____ The data

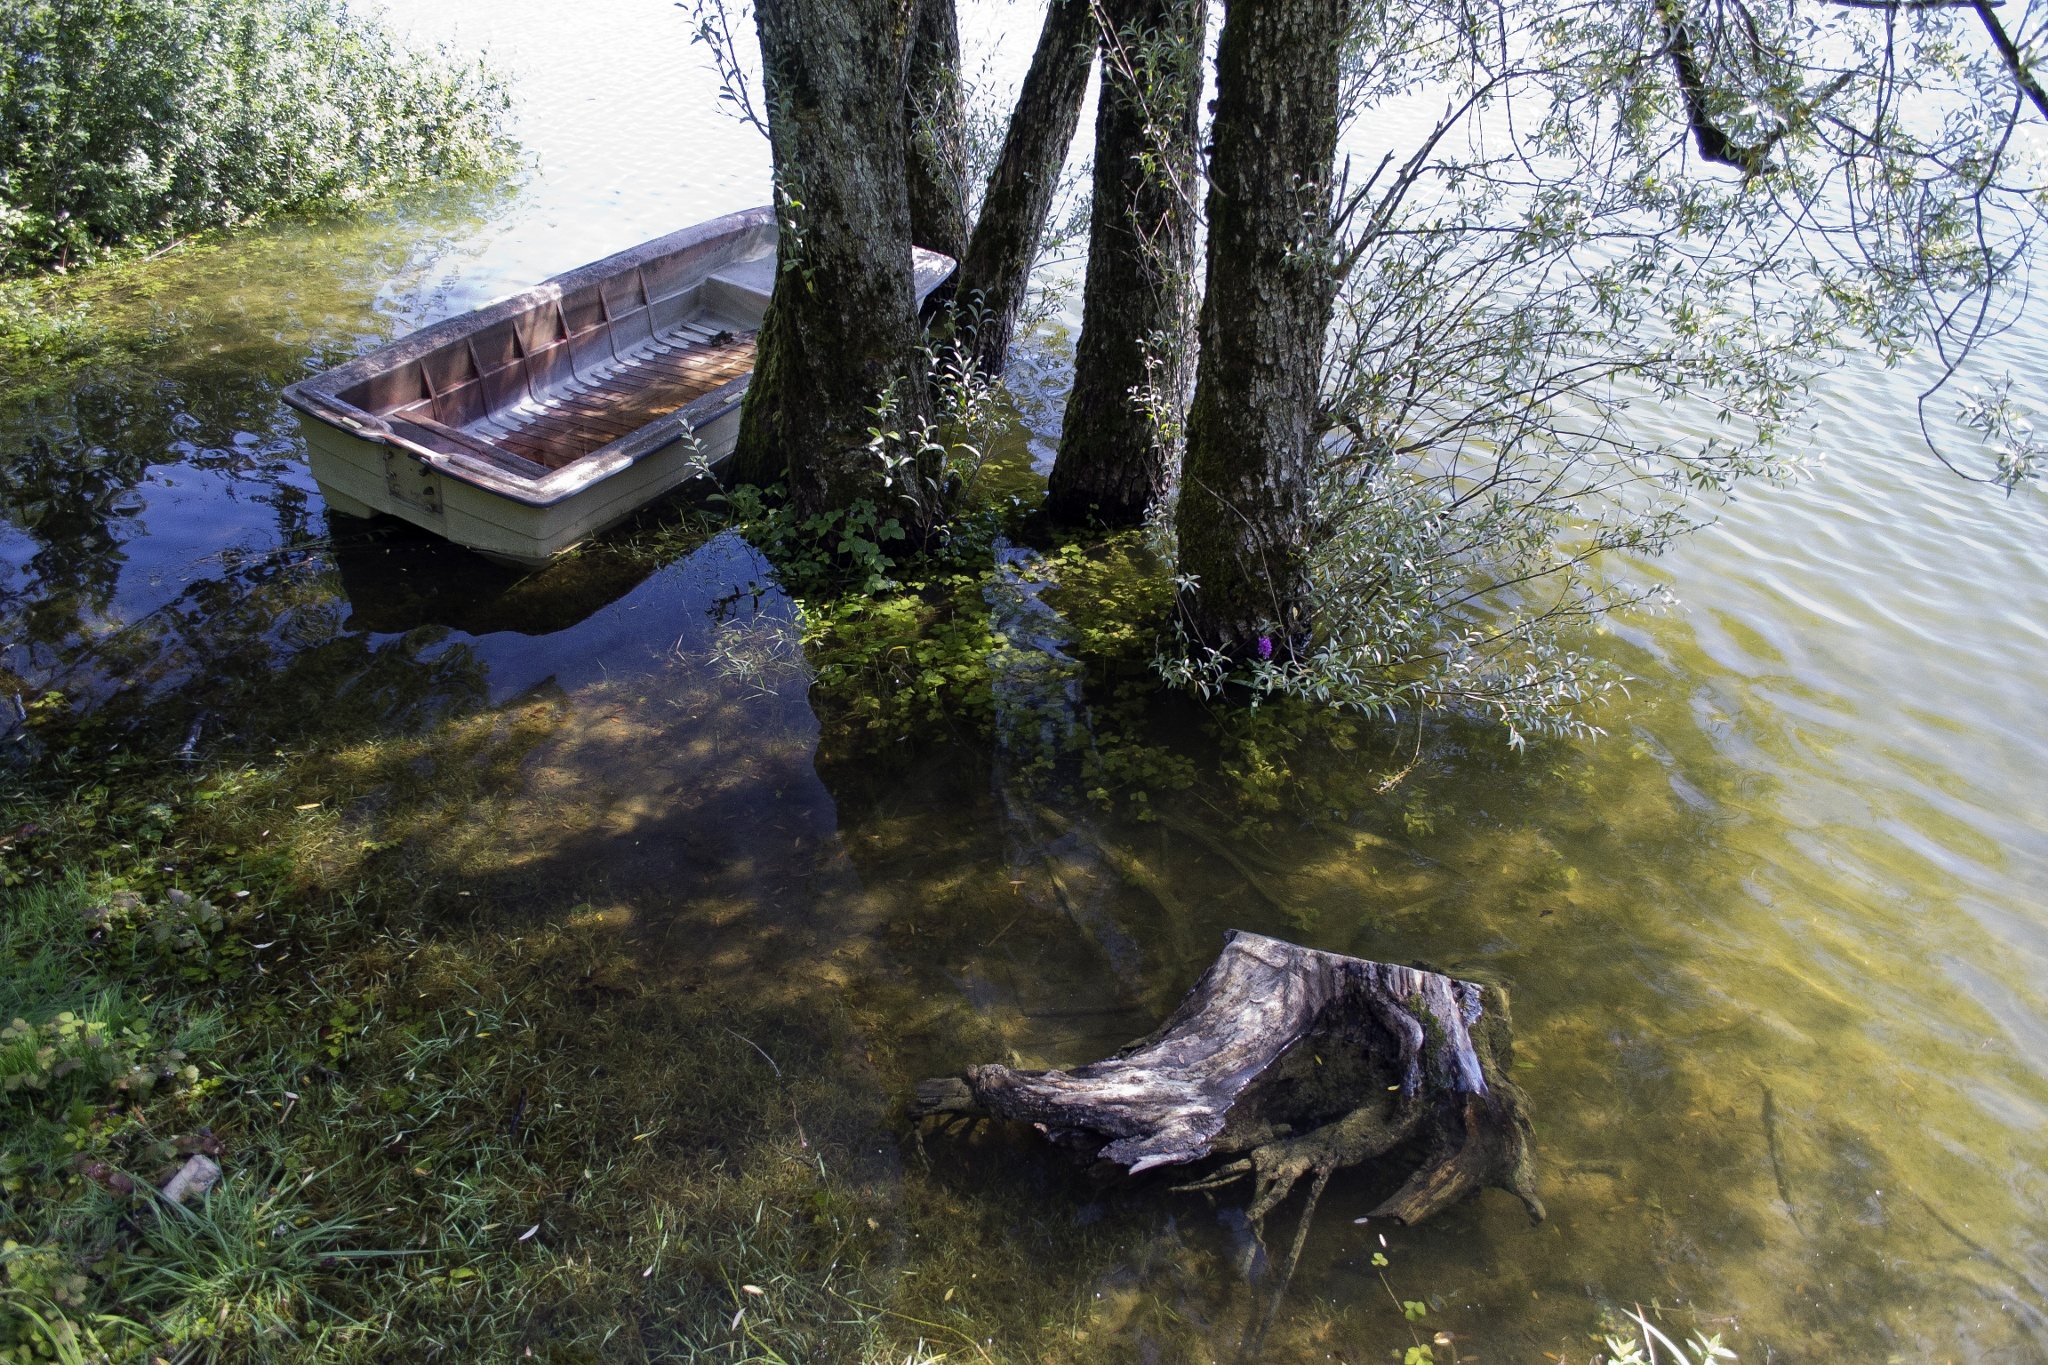 Boat at Lac de Bret by MarieJirousek
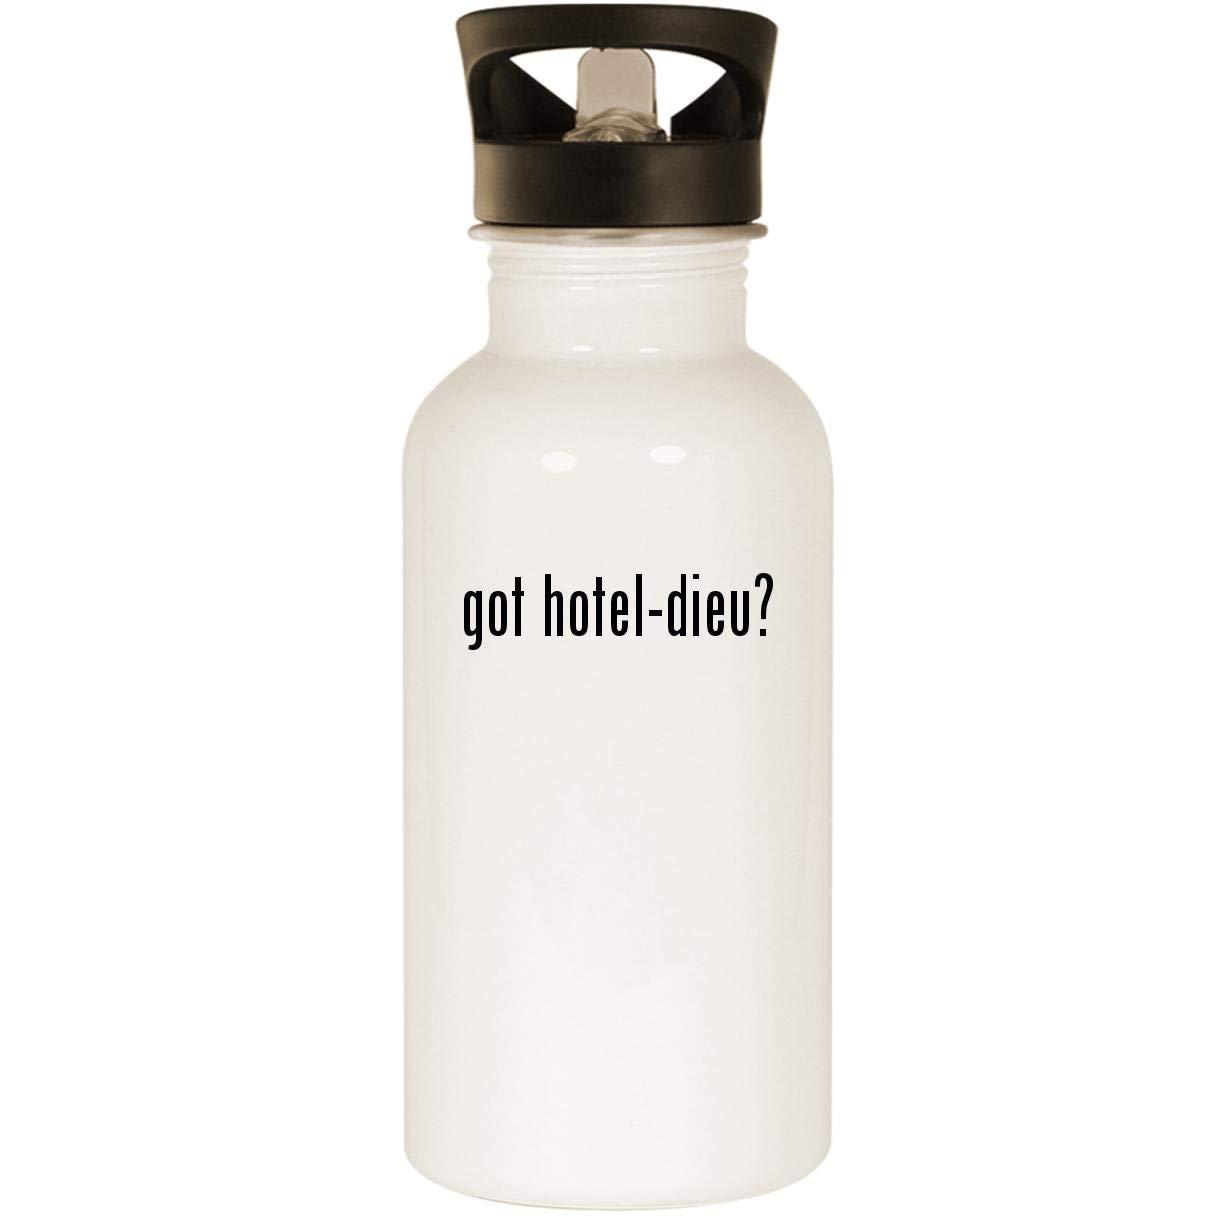 got hotel-Dieu? - Stainless Steel 20oz Road Ready Water Bottle, White
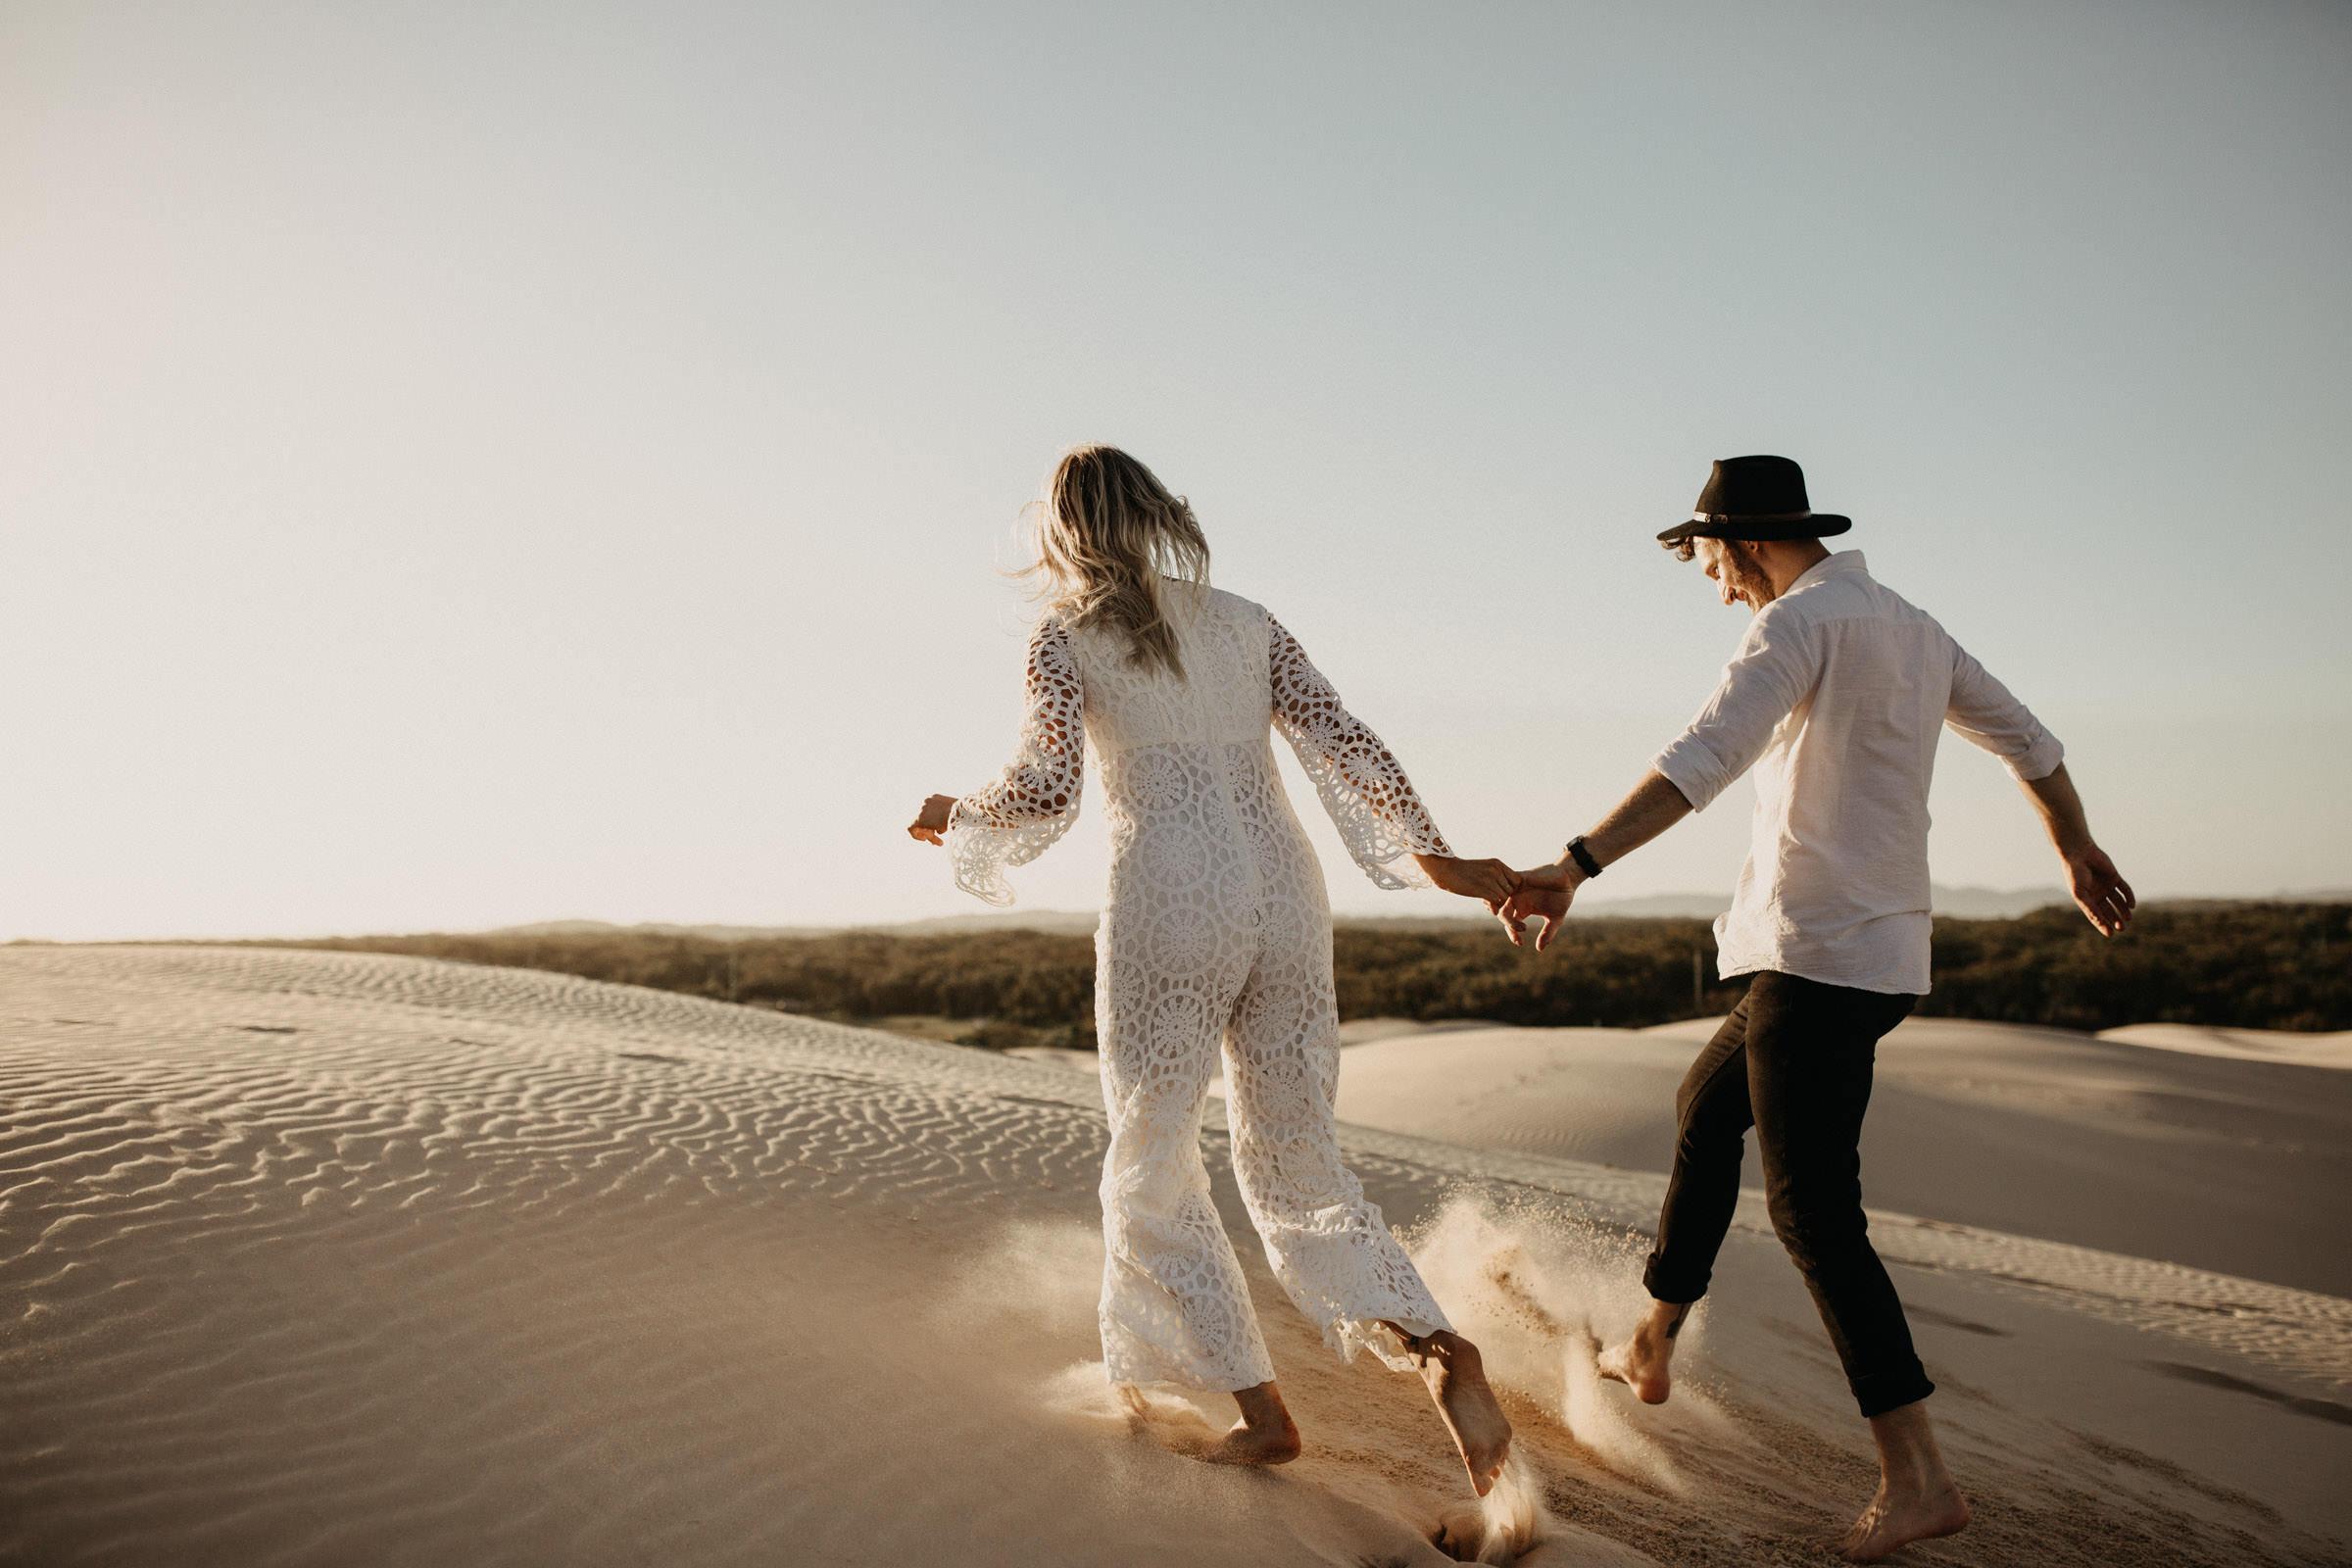 Stockon-sand-dunes-shoot-18.jpg

________

§ **What you are asked to do**: Take the line containing "got hotel-Dieu? - Stainless" and every line after it through the end of the data, and write them out exactly, with no pictures.

§ **Task result**:
 got hotel-Dieu? - Stainless Steel 20oz Road Ready Water Bottle, White
 Stockon-sand-dunes-shoot-18.jpg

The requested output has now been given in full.